Forum Polityka, aktualnościGospodarka

Petru: Węgry przestrogą dla Polski

Petru: Węgry przestrogą dla Polski

Money.pl / 2006-09-21 09:22
Komentarze do wiadomości: Petru: Węgry przestrogą dla Polski.
Wyświetlaj:
dlapolski / 83.17.92.* / 2006-09-22 10:01
zatrzymać pochód komuchów, znowu im zaświtało, że mogą rządzić w Polsce. Mają co prawda wielkich przyjaciół Geremka, Mazowieckiego, Onyszkiewicza i tej całej reszty pożal sie Boże rewolucjonistów z UW ale za nimi ciągnie się jak wielki warkocz komety afery, przestępstwa gospodarcze, współpraca z mafią (orlengate), korupcja. I to nie ma końca. Olejniczak zamalował czerwone na błękit, ale już wychodzi rdza. Do grona współnej Polski dołączyła Ordynacka i inne .............. Boże uchowaj Polskę przed czerwoną zagładą. Ona niszczy wszystko!!
leone / 2006-09-26 11:25 / Pan Forumowicz (ponad 500 wypowiedzi)
nawet ta czerwona zaglada nie pozwalala sobie na to dranstwo,ktore robi PiS
A ostrzegal Walesa
DA-old / 195.225.71.* / 2006-09-21 18:22
Panie Petru.
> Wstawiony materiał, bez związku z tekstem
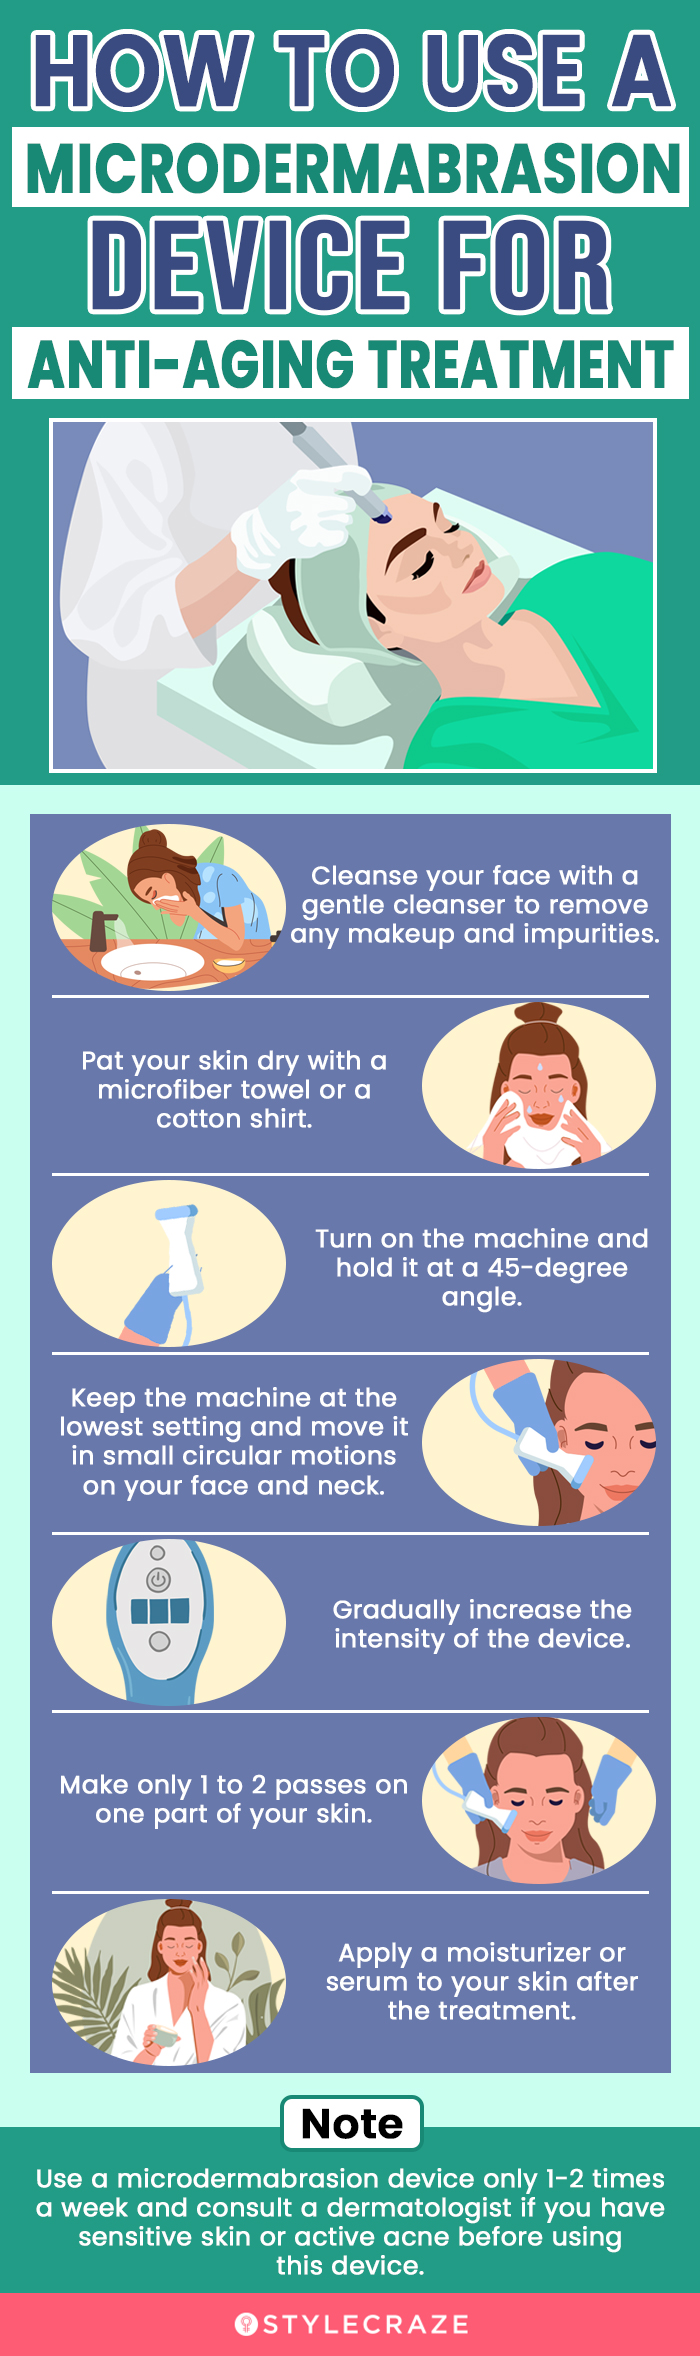 How To Use Microdermabrasion Device For Anti-Aging Treatment (infographic)
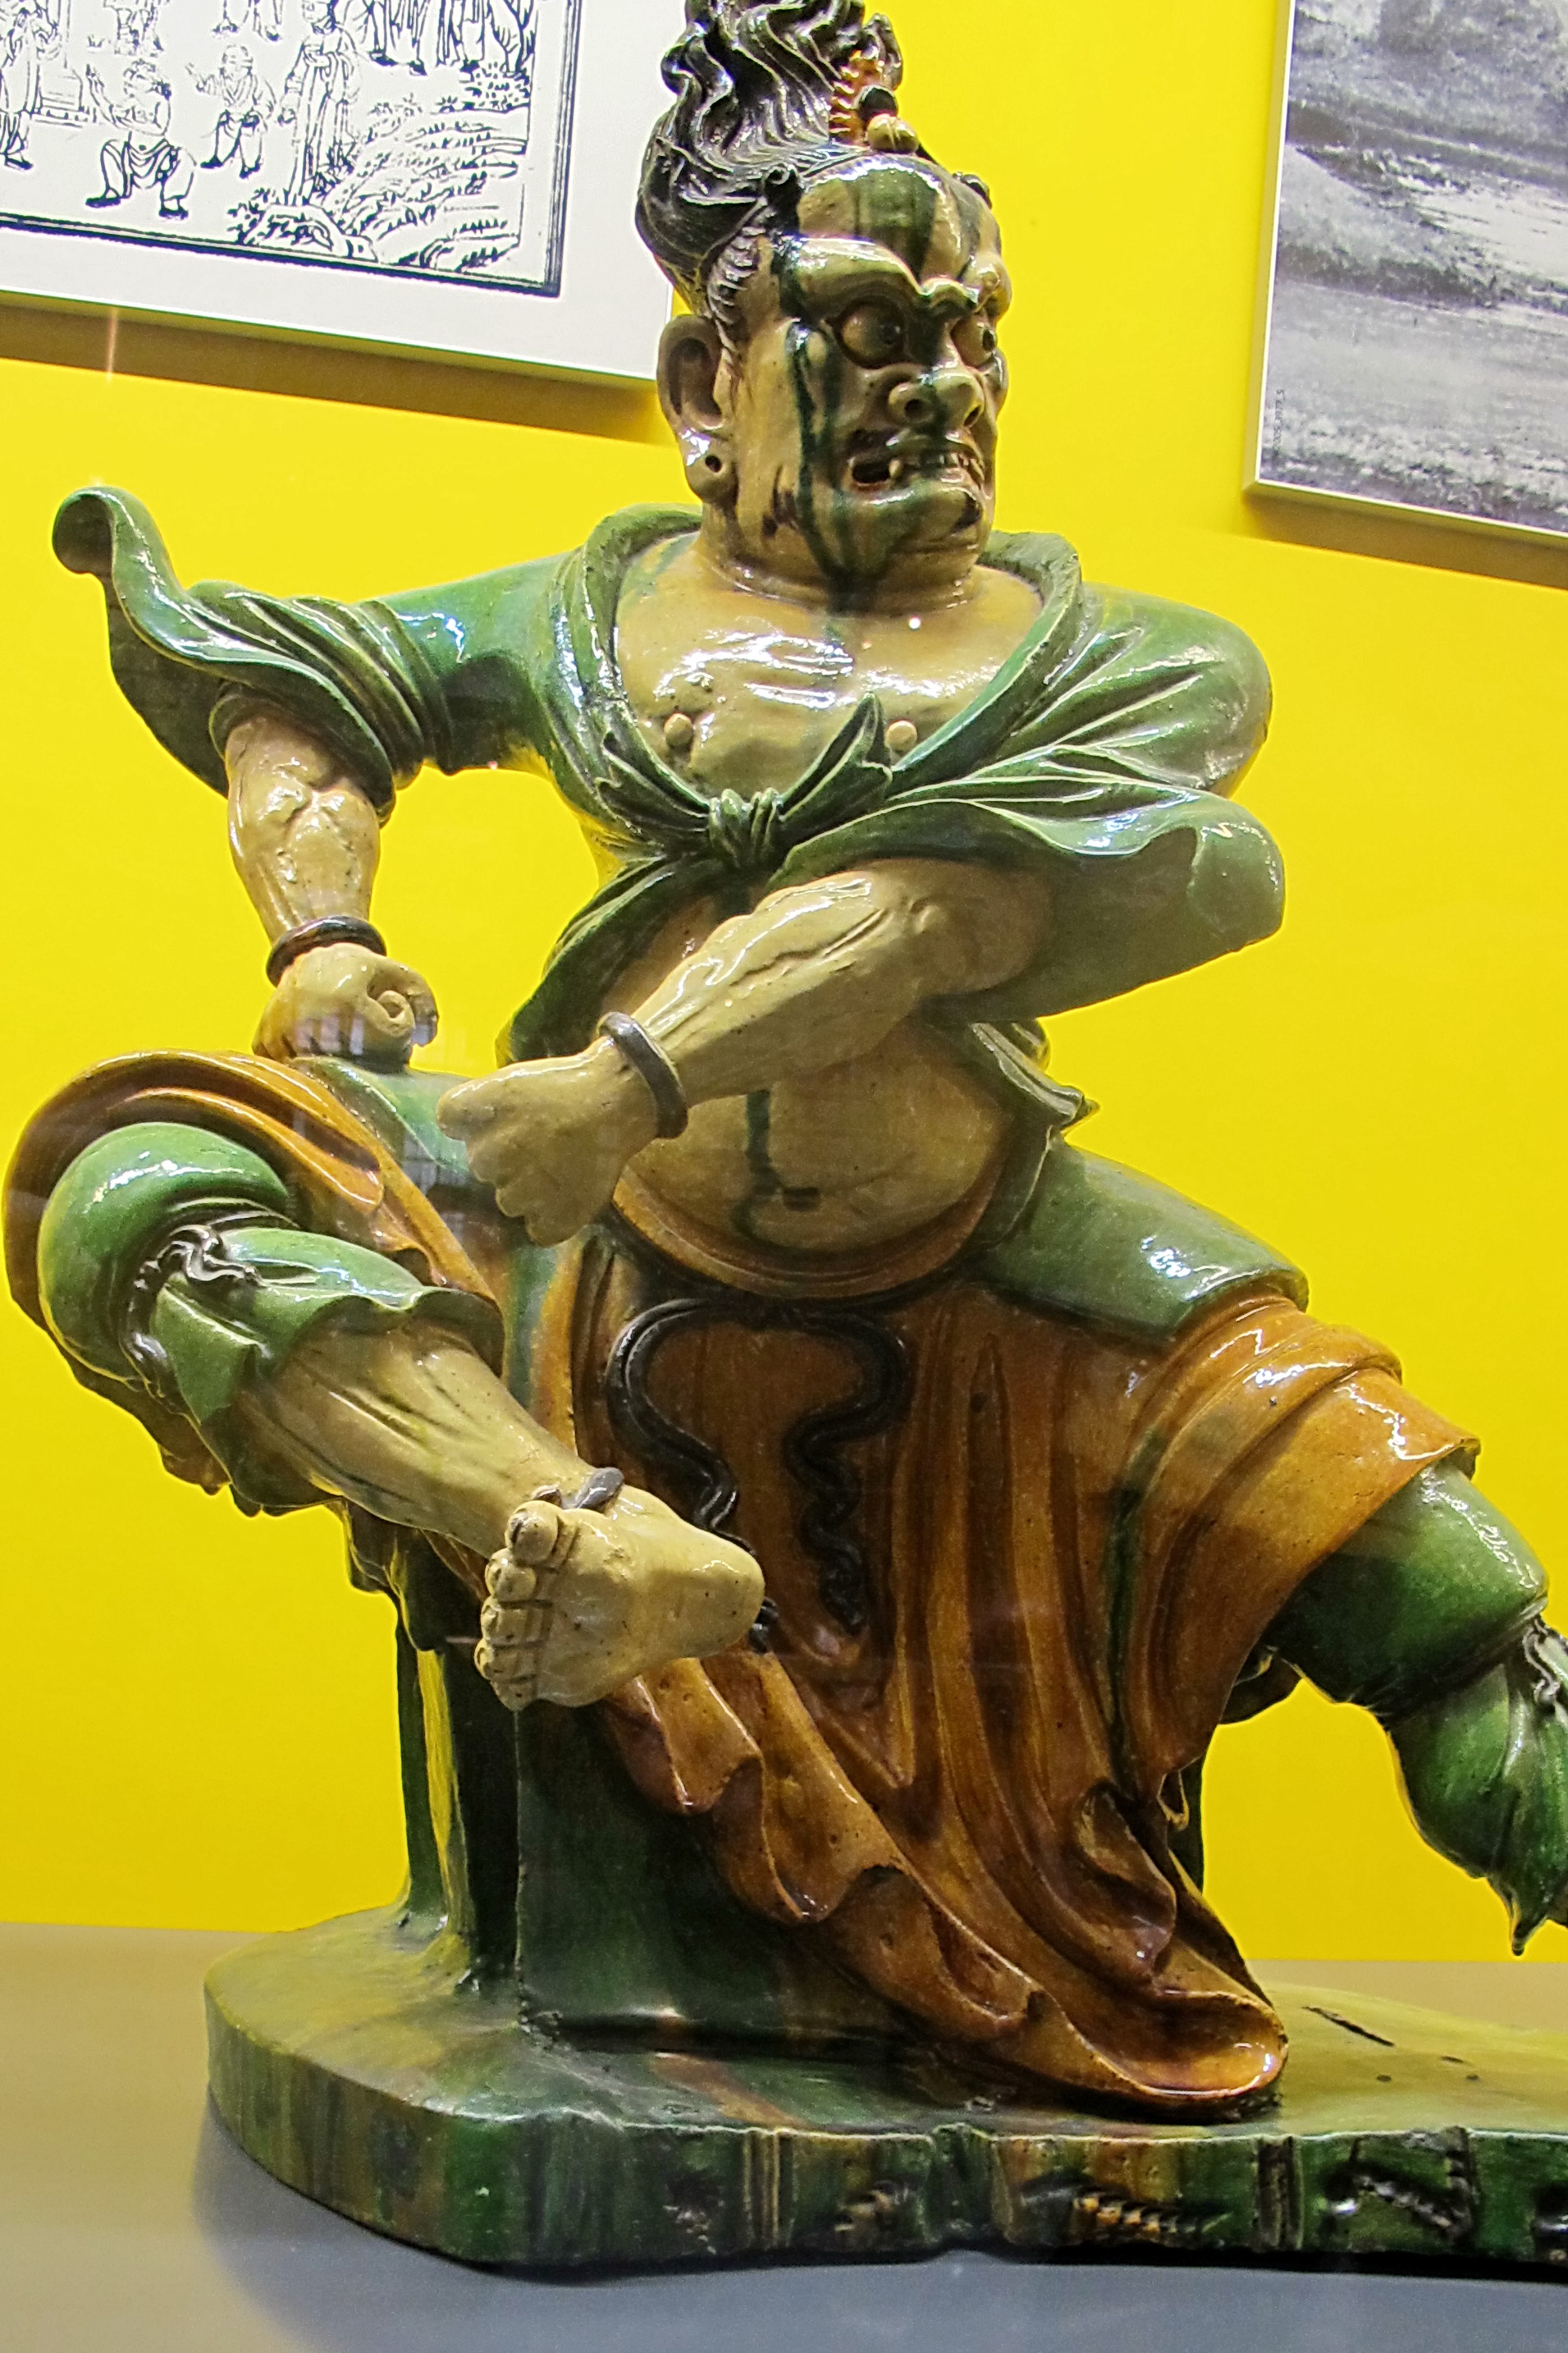 A statue of Yanluo Wong, the deity in charge of the Chinese afterworld, aka 'diyu'. Image from Flickr user Al_HikesAZ

Jeśli Pan jako analityk i główny ekonomista jednego z największych banków w Polasce publicznie porównuje przypadek Węgier z Polską, to ja nie będę klientem BPH. Bo Pan swoimi wypowiedziami podważa powagę tej instytuckji finansowej.
Julia1 / 83.168.96.* / 2006-09-21 09:41
Całkowite wpływy z prywatyzacji do końca 2005 roku wyniosły (przy kursie USD / Pln = 3.07) 73 mld złotych brutto i 59 mld netto.
Jest to wartość duzego koncernu ale wcale nie wielkiego.
"Dziennik" doniósł że producenta półprzewodników FRESCALE przejęto za 17.6 mld doolarów.
To jest niewiele mniej niż cała polska prywatyzacja.
Ale uwaga - kapitalizacja półprzewodnikowego giganta jakim jest INTEL wacha sie do 150 mld dolarów !!!.

Apropos prywatyzacji - dyrektor departamentu w Ministrestwie Przekształceń Własnościowych Bartosiewicz jest poszukiwany międzynarodowym listem gończym za przyjecie 1 mln dolarów za "prywatyzacje" cementowni.

Łapówki przy prywatyzacjach ponoc przekraczały oficjalne ceny za które sprzedawano firmy !!!
Caro / 80.55.141.* / 2006-09-21 09:22
Mam nadzieję ,że scenariusz węgierski nam nie grozi. Mimo wszystko poprzednie rządy zostawiły po sobie państwo w znacznie lepszym stanie niż są obecnie Węgry. Jedyne niebezpieczeństwo tkwi w obietnicach ,które w kampanii wyborczej tak ochoczo składał PiS a których jak widać nie realizuje. Pozostali koalicjanci również nie próżnowali i obiecywali złote góry. Oczywiście istnieje też inna możliwość ,której się obawiam. Owoce obecnego wzrostu gospodarczego zostaną skonsumowane zaś gdy przyjdzie dekoniunktura obudzimy się z ręką w nocniku o czym zresztą pisze p. Jankowiek. Wówczas to pewniw zdarzy się ,że obecna koalicja odda władzę zaś ich następcom będzie piekielnie trudno.